Apply the ointment 2 to 4 times per day.

Gently rub the ointment into the skin until fully absorbed.

The maximum duration of treatment is 7 to 10 days.

Do not exceed the recommended application frequency or treatment duration.

Avoid applying the ointment to skin with open wounds, abrasions, or infections.

Wash hands thoroughly with soap and water after each application.

Do not use occlusive dressings or bandages over the applied ointment.

Consult a physician if symptoms persist or worsen after the 10-day treatment course.

Adverse Reactions

Local reactions are possible – itching and redness of the skin, burning, rash, peeling, dry skin; rarely – local edema and vesicular rash.

Allergic reactions in some cases – angioedema, shortness of breath.

Systemic reactions when applied to a large skin surface area are possible – gastrointestinal disorders (loss of appetite, nausea, vomiting, diarrhea, abdominal pain, bleeding and ulcerations); in isolated cases – exacerbation of psoriasis.

Contraindications

Hypersensitivity to indometacin, other NSAIDs; complete or incomplete combination of bronchial asthma, recurrent nasal and paranasal sinus polyposis, and intolerance to acetylsalicylic acid or other NSAIDs (including in history); impaired skin integrity at the intended site of indometacin application; III trimester of pregnancy, period of breastfeeding; children under 6 years of age.

With caution

Simultaneous use with other NSAIDs, hepatic porphyria (exacerbation), erosive-ulcerative diseases of the gastrointestinal tract in the acute phase (including ulcerative colitis, Crohn’s disease), severe liver and kidney dysfunction (creatinine clearance less than 30 ml/min), blood clotting disorders (including hemophilia, prolonged bleeding time, tendency to bleed, hemorrhagic diathesis); chronic heart failure, elderly age, condition after coronary artery bypass surgery, confirmed hyperkalemia, children aged 6 to 12 years, I-II trimesters of pregnancy.

Use in Pregnancy and Lactation

Use during pregnancy and breastfeeding is contraindicated.

Indometacin is excreted in small amounts in breast milk.

Use in Hepatic Impairment

Use with caution in patients with severe liver dysfunction.

Use in Renal Impairment

Use with caution in patients with severe renal impairment (creatinine clearance less than 30 ml/min).

Pediatric Use

Contraindicated in children under 6 years of age.

Geriatric Use

Use with caution in elderly patients.

Special Precautions

The preparation for external use should be applied only to intact skin areas; avoid contact with eyes and mucous membranes.

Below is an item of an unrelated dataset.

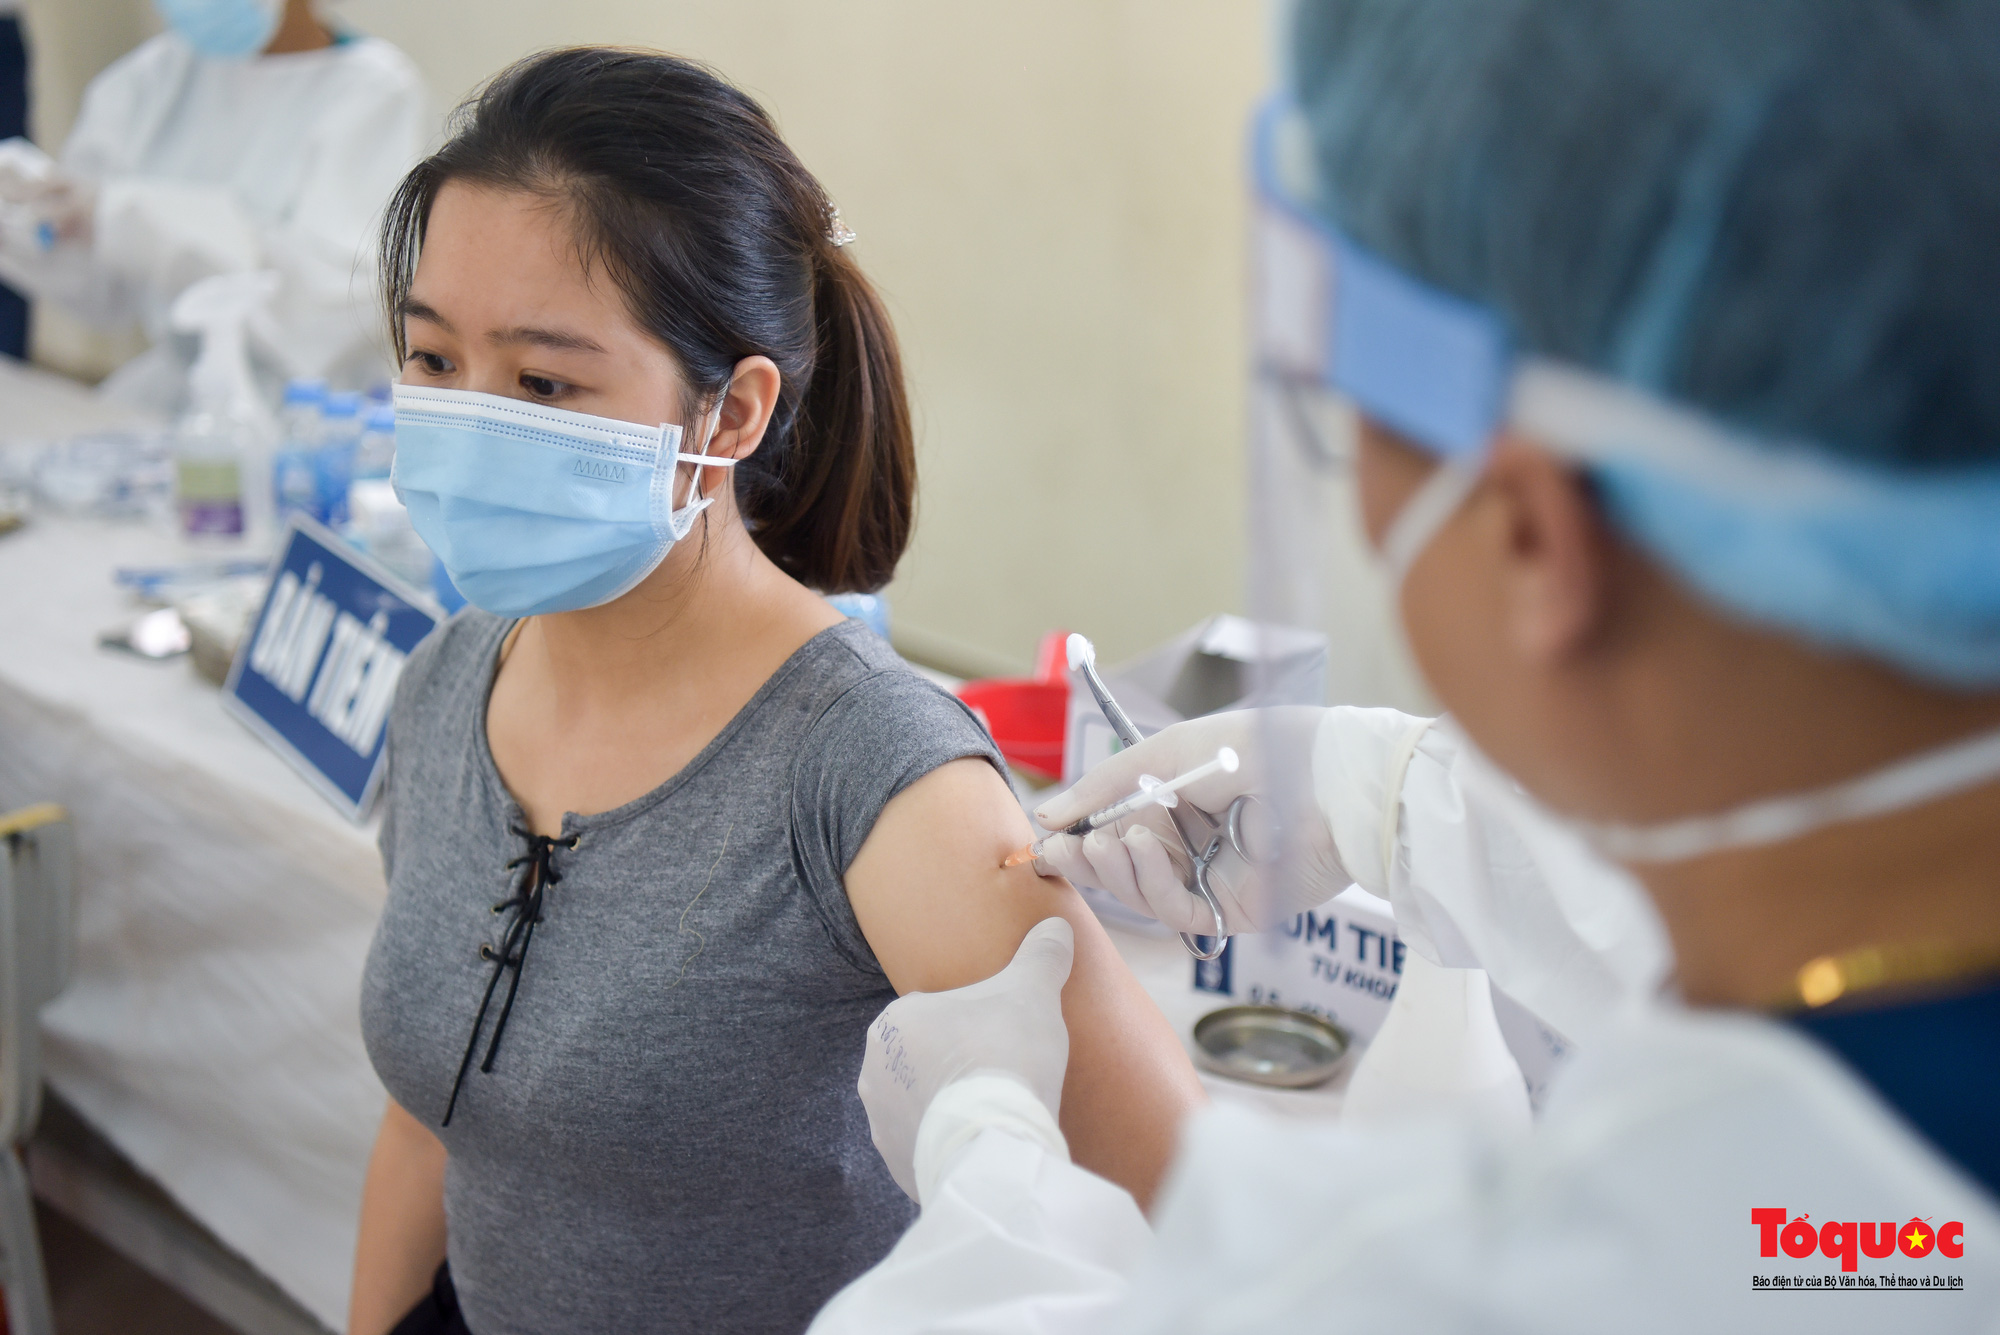 Đoàn y bác sĩ Bắc Giang hỗ trợ tiêm vaccine Vero Cell tại Hà Nội - Ảnh 9.

With prolonged therapy (more than 10 days), a doctor’s consultation is necessary, as well as monitoring of blood counts (determination of the number of leukocytes and platelets).

Do not use with occlusive dressings.

Drug Interactions

The effect of indometacin is enhanced when combined with glucocorticosteroids and pyrazolone derivatives.

Simultaneous use with glucocorticosteroids leads to an increase in their ulcerogenic effect.

It may enhance the effect of drugs that cause photosensitization.

Storage Conditions

Store at 2°C (36°F) to 15°C (59°F). Keep in original packaging, protected from light. Keep out of reach of children.

Dispensing Status

Over-the-Counter

Important Safety Information

This information is for educational purposes only and does not replace professional medical advice. Always consult your doctor before use. Dosage and side effects may vary. Use only as prescribed.